Neural Networks from Scratch

For my CS 499 independent study, I implemented a neural network engine using only NumPy. The goal was to understand the fundamentals without relying on frameworks like PyTorch or TensorFlow.

A neural network consists of layers of neurons. Each neuron computes a weighted sum of its inputs, adds a bias, and applies an activation function. Forward propagation computes the network output by passing input through each layer sequentially. I represented layers as matrices of weights and vectors of biases.

Activation functions introduce non-linearity. I implemented sigmoid, tanh, ReLU, and softmax. Sigmoid squashes values between 0 and 1. ReLU is zero for negative inputs and the identity for positive inputs. Softmax converts a vector of numbers into probabilities that sum to one.

Training requires backpropagation - computing gradients of the loss with respect to each parameter using the chain rule. The chain rule states that the derivative of a composition is the product of derivatives. For a multi-layer network, gradients propagate backward from the output layer to the input layer.

Loss functions measure how far the network’s predictions are from the true values. Mean squared error is common for regression. Cross-entropy loss is used for classification. The optimizer updates weights using the gradients - stochastic gradient descent is simple, while Adam adds momentum and adaptive learning rates.

Vectorization is critical for performance. Instead of looping over examples, I compute operations on entire matrices at once. NumPy’s broadcasting rules handle different shapes automatically. This makes Python code run fast because the heavy lifting happens in optimized C libraries.

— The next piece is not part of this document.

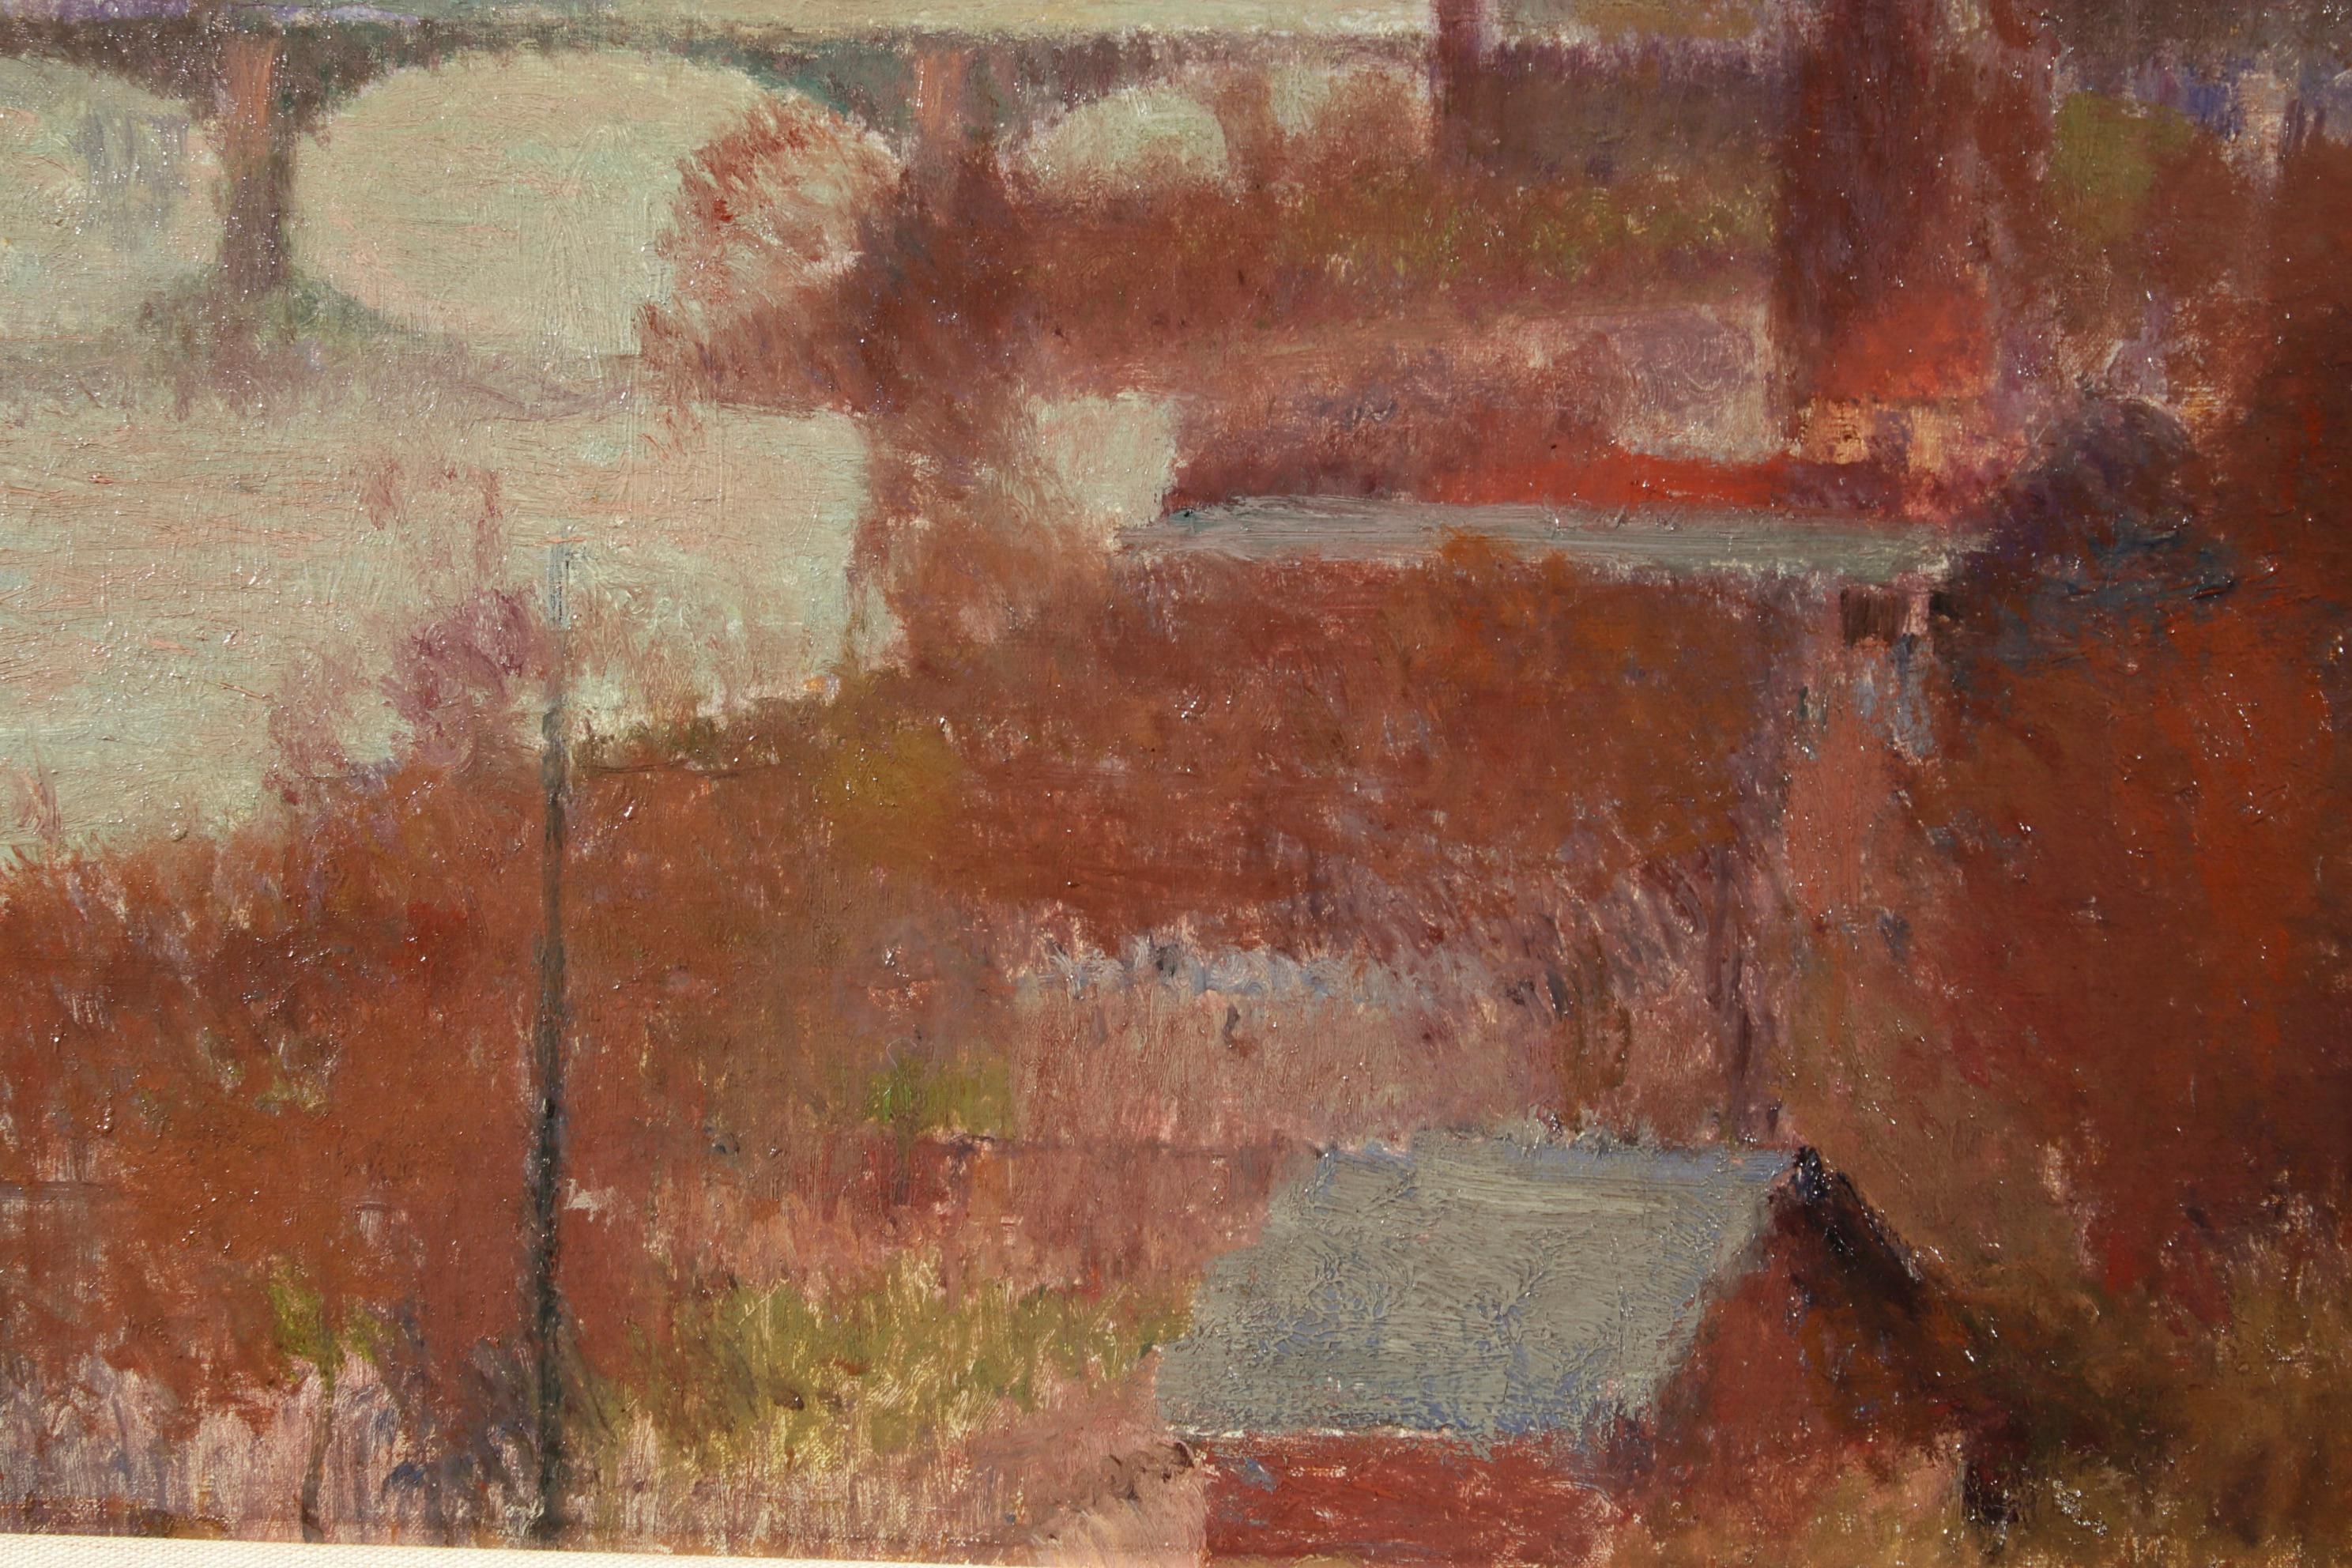 Morning Fog - Rouen - Impressionist Oil, River in Landscape by Joseph Delattre 4

I implemented feedforward networks for classification, convolutional neural networks (CNNs) for images, and recurrent neural networks (RNNs) for sequences. CNNs use convolutional layers that slide filters over the input, detecting features at different positions. RNNs maintain hidden state that carries information across time steps.

Training without GPU acceleration is slow, but it forces you to understand the computational cost of each operation. Every matrix multiplication, every activation function call, every gradient computation adds up. This understanding helps when using frameworks - you know what operations are expensive and which optimizations matter.